▸ PROMPT:
Repeat the lines below exactly as they appear, but leave out the images.

▸ INFORMATION PROVIDED:

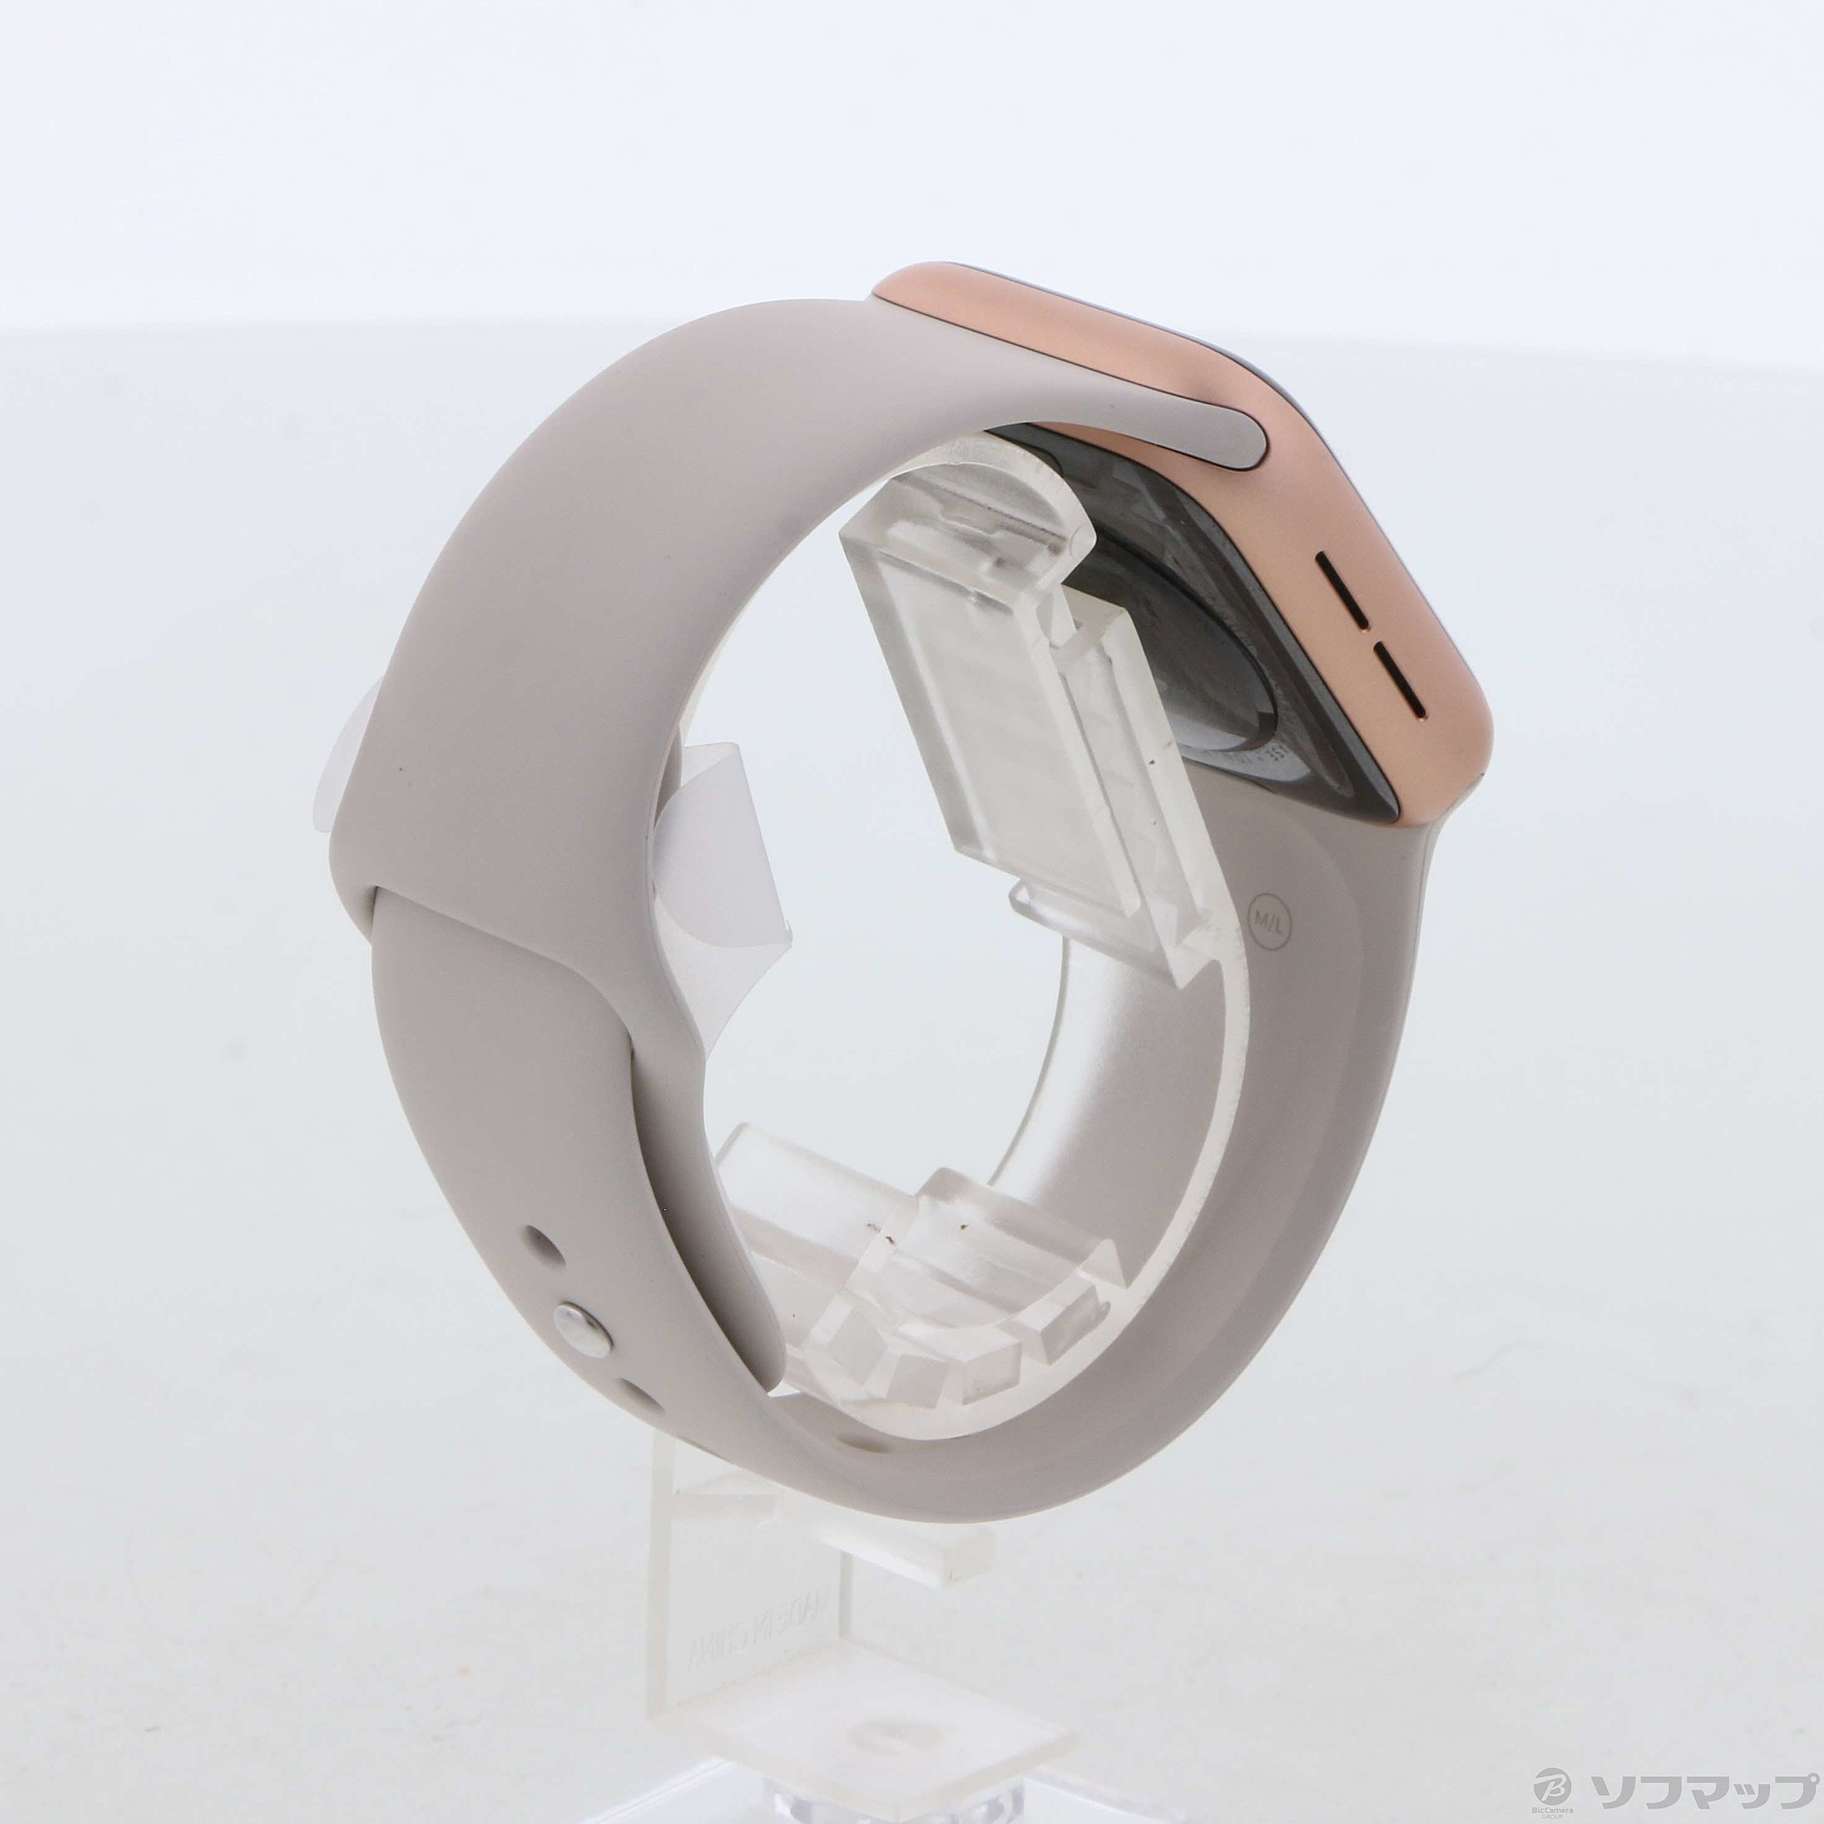 中古】Apple Watch SE GPS 40mm ゴールドアルミニウムケース スター
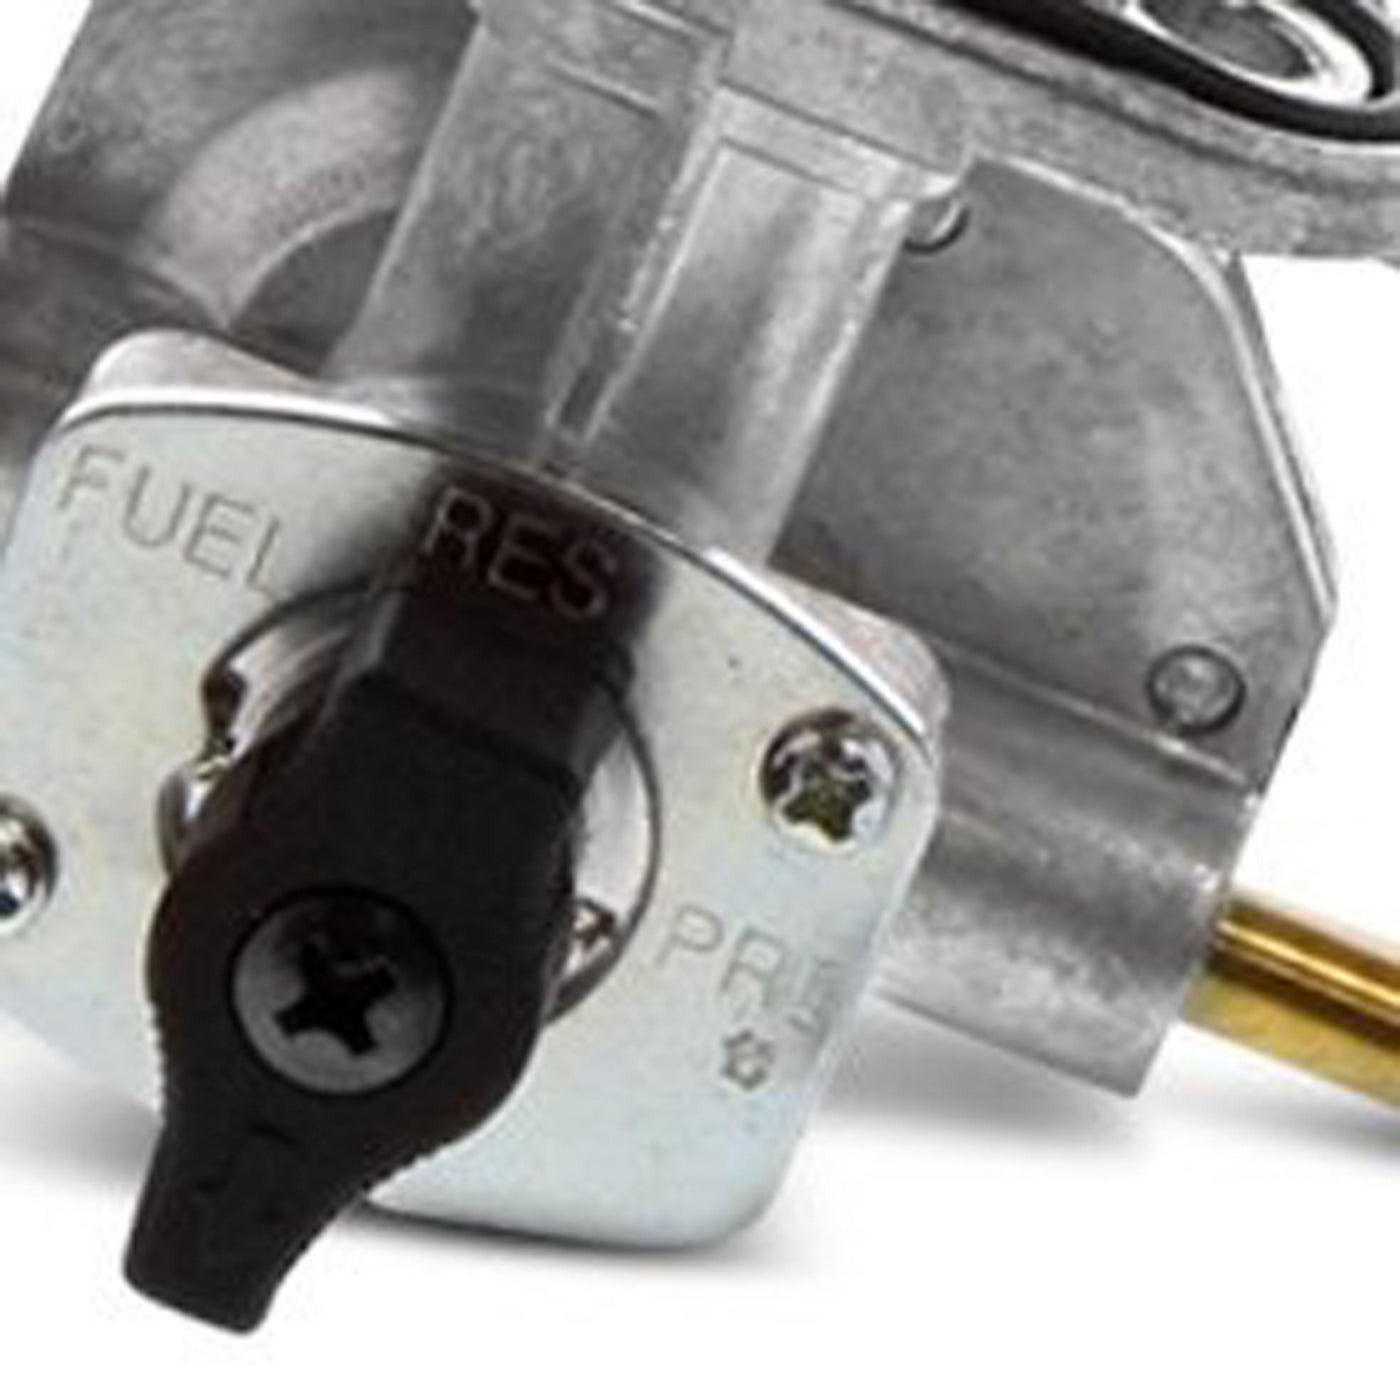 Fuel Star FS101-0126 Fuel Valve Kit #FS101-0126
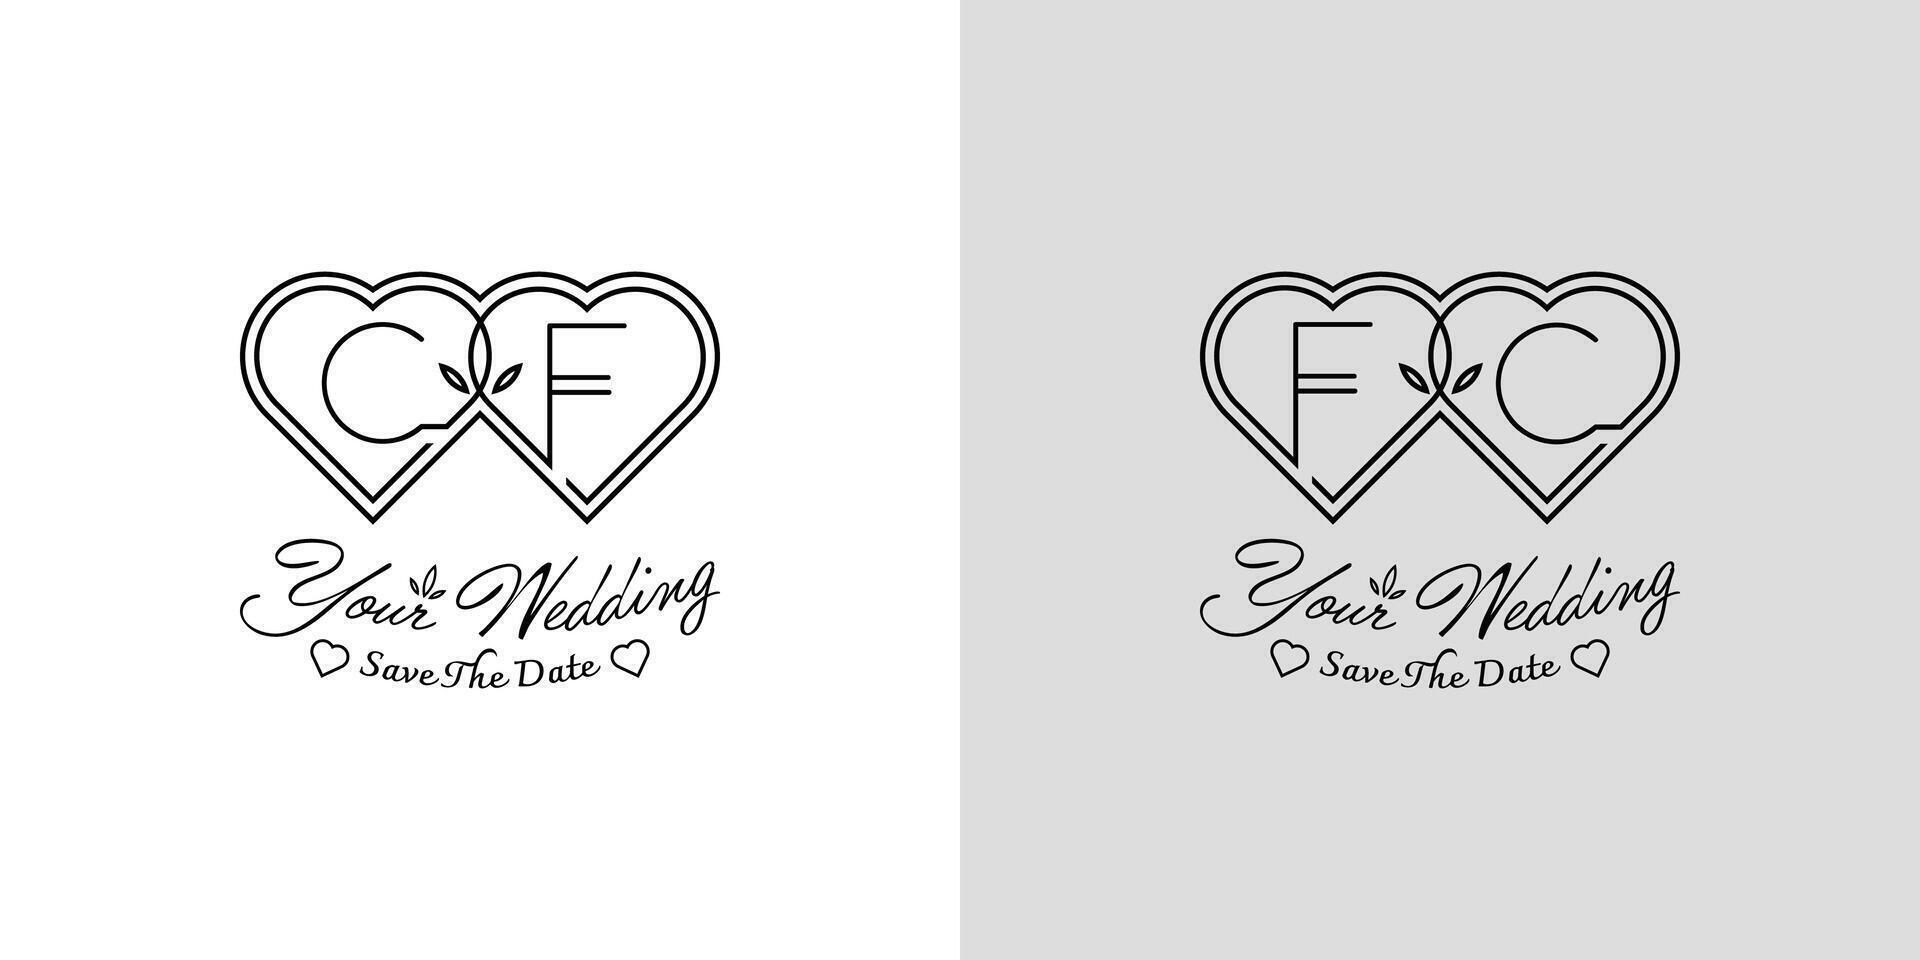 Briefe vgl und fc Hochzeit Liebe Logo, zum Paare mit c und f Initialen vektor

▸ ANSWER FOR THIS EXERCISE:
 中古】Apple Watch SE GPS 40mm ゴールドアルミニウムケース スター
 Fuel Star FS101-0126 Fuel Valve Kit #FS101-0126
 Briefe vgl und fc Hochzeit Liebe Logo, zum Paare mit c und f Initialen vektor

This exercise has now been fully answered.